The American Civil Liberties Union (ACLU) estimated in 2016 that there are some 239 other Hectors, immigrant service members who were kicked out after serving their adopted country. “They can be deported for committing a list of crimes set in immigration law,” the San Diego Tribune continues. Barajas-Varela complained that some people initially sympathize with the issue of deported vets, but that can quickly change. “Nobody wanted to listen to us. People stop listening when they hear, ‘criminal.’”
Since winning a pardon from outgoing California Gov. Jerry Brown—Barajas-Varela “has shown that since his release from custody, he has lived an honest and upright life, exhibited good moral character and conducted himself as a law-abiding citizen,” Brown wrote—and then a court victory with the help of the ACLU, he has kept listening to deported vets, some of whom as struggling with mental illness and conditions related to combat. Sometimes he feels like he doesn’t do enough.
“’I can’t be everywhere,’ Barajas said. ‘Everything I’m doing on the other side is going to benefit them.
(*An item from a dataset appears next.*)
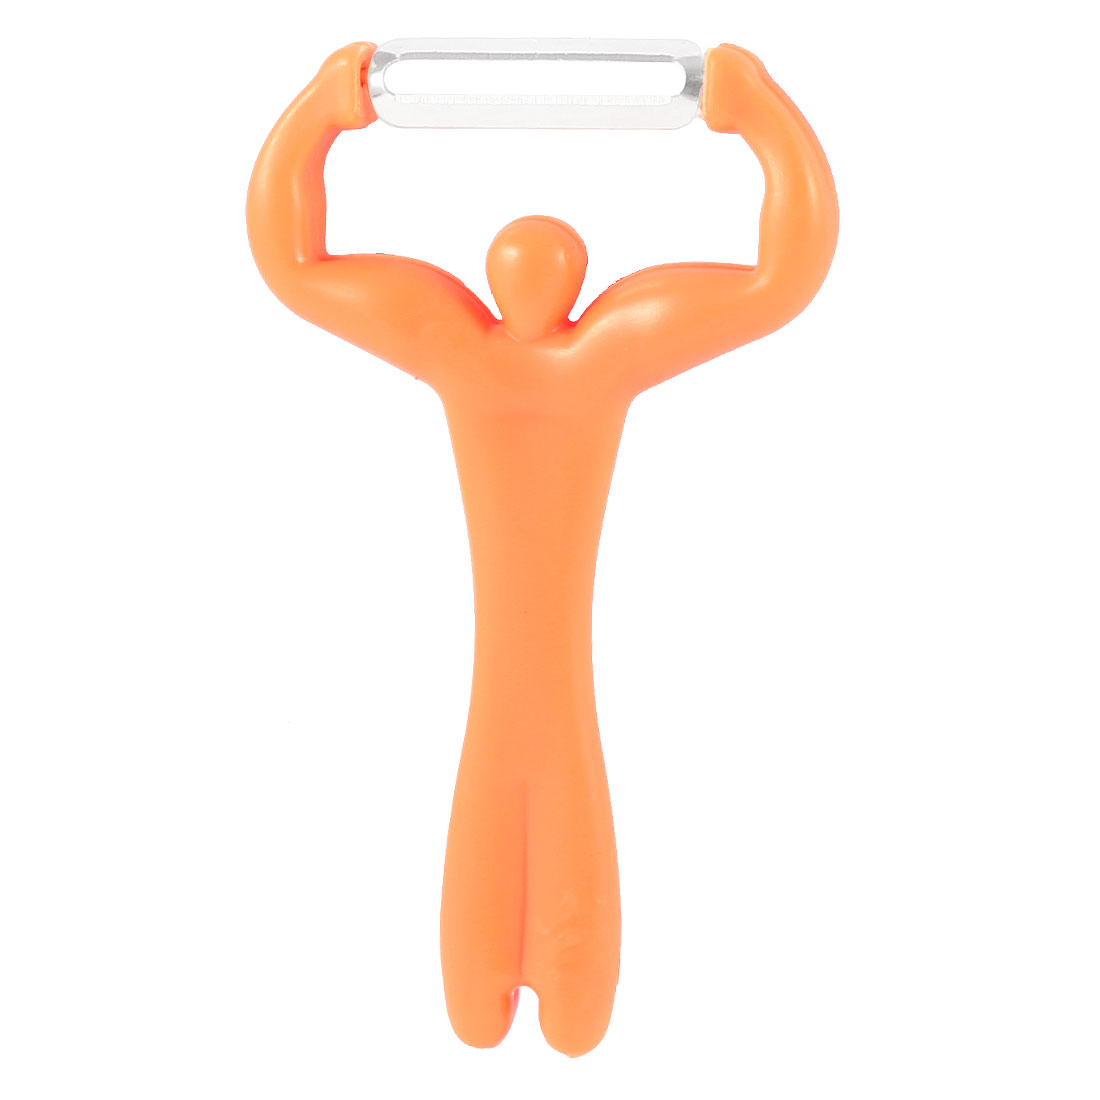 Man Design Stainless Steel Peeler Parer Clear Orange for Fruits Vegetable

They want me here.’ He’s now rented an apartment up the street for deported veterans instead of having them sleep upstairs at the shelter.” Barajas-Varela said in April that he hoped to keep heading The Bunker for a year, and then pass the leadership role onto another deported vet so that he can live full-time here and eventually return to school.
Barajas-Varela has already taken some brand-new steps as a U.S. citizen. Earlier this year, he cast his ballot for the very first time, and then in the 2018 midterms voted for Democratic Congress member Nanette Barragán, who in 2017 had been part of a congressional delegation visiting Barajas-Varela when he was still living in Mexico. “It meant a lot to be able to vote for someone who had supported him, he said.”